Aim of the task: Set down the whole listing verbatim.

Exercise inputs START

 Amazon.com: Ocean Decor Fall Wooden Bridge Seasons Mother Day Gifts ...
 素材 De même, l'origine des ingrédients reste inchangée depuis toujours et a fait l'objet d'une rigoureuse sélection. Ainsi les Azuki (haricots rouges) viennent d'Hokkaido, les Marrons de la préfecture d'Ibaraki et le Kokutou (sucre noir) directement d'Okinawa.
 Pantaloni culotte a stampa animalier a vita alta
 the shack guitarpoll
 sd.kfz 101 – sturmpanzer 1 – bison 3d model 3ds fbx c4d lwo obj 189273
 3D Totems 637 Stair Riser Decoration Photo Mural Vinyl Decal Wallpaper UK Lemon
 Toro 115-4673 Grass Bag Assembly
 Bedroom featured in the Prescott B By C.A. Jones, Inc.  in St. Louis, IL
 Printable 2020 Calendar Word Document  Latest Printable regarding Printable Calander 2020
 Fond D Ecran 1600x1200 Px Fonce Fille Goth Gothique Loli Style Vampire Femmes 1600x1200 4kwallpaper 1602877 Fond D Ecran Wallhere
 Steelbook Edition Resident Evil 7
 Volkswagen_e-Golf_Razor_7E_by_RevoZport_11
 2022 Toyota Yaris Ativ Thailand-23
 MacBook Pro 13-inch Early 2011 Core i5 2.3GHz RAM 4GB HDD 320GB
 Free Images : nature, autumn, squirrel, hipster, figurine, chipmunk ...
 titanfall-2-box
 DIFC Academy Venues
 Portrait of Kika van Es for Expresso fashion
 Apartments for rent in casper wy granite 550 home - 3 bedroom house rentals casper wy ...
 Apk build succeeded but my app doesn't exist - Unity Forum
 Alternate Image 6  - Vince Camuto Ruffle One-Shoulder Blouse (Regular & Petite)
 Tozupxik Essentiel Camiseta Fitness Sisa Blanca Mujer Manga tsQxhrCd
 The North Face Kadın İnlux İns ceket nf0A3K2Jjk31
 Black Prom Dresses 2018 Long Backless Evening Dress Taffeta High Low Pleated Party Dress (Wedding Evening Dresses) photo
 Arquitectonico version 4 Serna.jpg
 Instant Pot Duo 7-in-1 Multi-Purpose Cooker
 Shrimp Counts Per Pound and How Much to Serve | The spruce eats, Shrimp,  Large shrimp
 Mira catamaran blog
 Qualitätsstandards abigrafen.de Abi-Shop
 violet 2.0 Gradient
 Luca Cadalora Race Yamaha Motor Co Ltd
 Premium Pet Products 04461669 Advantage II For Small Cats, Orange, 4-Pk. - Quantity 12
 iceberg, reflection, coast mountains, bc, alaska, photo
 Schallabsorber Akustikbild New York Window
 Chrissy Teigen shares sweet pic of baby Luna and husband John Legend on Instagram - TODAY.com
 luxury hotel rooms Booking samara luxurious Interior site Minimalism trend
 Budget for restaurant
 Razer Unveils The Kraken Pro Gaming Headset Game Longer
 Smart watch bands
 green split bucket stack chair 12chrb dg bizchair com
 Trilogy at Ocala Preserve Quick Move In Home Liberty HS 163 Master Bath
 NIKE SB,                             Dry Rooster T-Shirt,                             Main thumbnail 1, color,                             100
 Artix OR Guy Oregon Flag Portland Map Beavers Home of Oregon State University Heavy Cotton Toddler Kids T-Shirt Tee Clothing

Exercise inputs END

Result of this exercise:
 Amazon.com: Ocean Decor Fall Wooden Bridge Seasons Mother Day Gifts ...
 素材 De même, l'origine des ingrédients reste inchangée depuis toujours et a fait l'objet d'une rigoureuse sélection. Ainsi les Azuki (haricots rouges) viennent d'Hokkaido, les Marrons de la préfecture d'Ibaraki et le Kokutou (sucre noir) directement d'Okinawa.
 Pantaloni culotte a stampa animalier a vita alta
 the shack guitarpoll
 sd.kfz 101 – sturmpanzer 1 – bison 3d model 3ds fbx c4d lwo obj 189273
 3D Totems 637 Stair Riser Decoration Photo Mural Vinyl Decal Wallpaper UK Lemon
 Toro 115-4673 Grass Bag Assembly
 Bedroom featured in the Prescott B By C.A. Jones, Inc.  in St. Louis, IL
 Printable 2020 Calendar Word Document  Latest Printable regarding Printable Calander 2020
 Fond D Ecran 1600x1200 Px Fonce Fille Goth Gothique Loli Style Vampire Femmes 1600x1200 4kwallpaper 1602877 Fond D Ecran Wallhere
 Steelbook Edition Resident Evil 7
 Volkswagen_e-Golf_Razor_7E_by_RevoZport_11
 2022 Toyota Yaris Ativ Thailand-23
 MacBook Pro 13-inch Early 2011 Core i5 2.3GHz RAM 4GB HDD 320GB
 Free Images : nature, autumn, squirrel, hipster, figurine, chipmunk ...
 titanfall-2-box
 DIFC Academy Venues
 Portrait of Kika van Es for Expresso fashion
 Apartments for rent in casper wy granite 550 home - 3 bedroom house rentals casper wy ...
 Apk build succeeded but my app doesn't exist - Unity Forum
 Alternate Image 6  - Vince Camuto Ruffle One-Shoulder Blouse (Regular & Petite)
 Tozupxik Essentiel Camiseta Fitness Sisa Blanca Mujer Manga tsQxhrCd
 The North Face Kadın İnlux İns ceket nf0A3K2Jjk31
 Black Prom Dresses 2018 Long Backless Evening Dress Taffeta High Low Pleated Party Dress (Wedding Evening Dresses) photo
 Arquitectonico version 4 Serna.jpg
 Instant Pot Duo 7-in-1 Multi-Purpose Cooker
 Shrimp Counts Per Pound and How Much to Serve | The spruce eats, Shrimp,  Large shrimp
 Mira catamaran blog
 Qualitätsstandards abigrafen.de Abi-Shop
 violet 2.0 Gradient
 Luca Cadalora Race Yamaha Motor Co Ltd
 Premium Pet Products 04461669 Advantage II For Small Cats, Orange, 4-Pk. - Quantity 12
 iceberg, reflection, coast mountains, bc, alaska, photo
 Schallabsorber Akustikbild New York Window
 Chrissy Teigen shares sweet pic of baby Luna and husband John Legend on Instagram - TODAY.com
 luxury hotel rooms Booking samara luxurious Interior site Minimalism trend
 Budget for restaurant
 Razer Unveils The Kraken Pro Gaming Headset Game Longer
 Smart watch bands
 green split bucket stack chair 12chrb dg bizchair com
 Trilogy at Ocala Preserve Quick Move In Home Liberty HS 163 Master Bath
 NIKE SB,                             Dry Rooster T-Shirt,                             Main thumbnail 1, color,                             100
 Artix OR Guy Oregon Flag Portland Map Beavers Home of Oregon State University Heavy Cotton Toddler Kids T-Shirt Tee Clothing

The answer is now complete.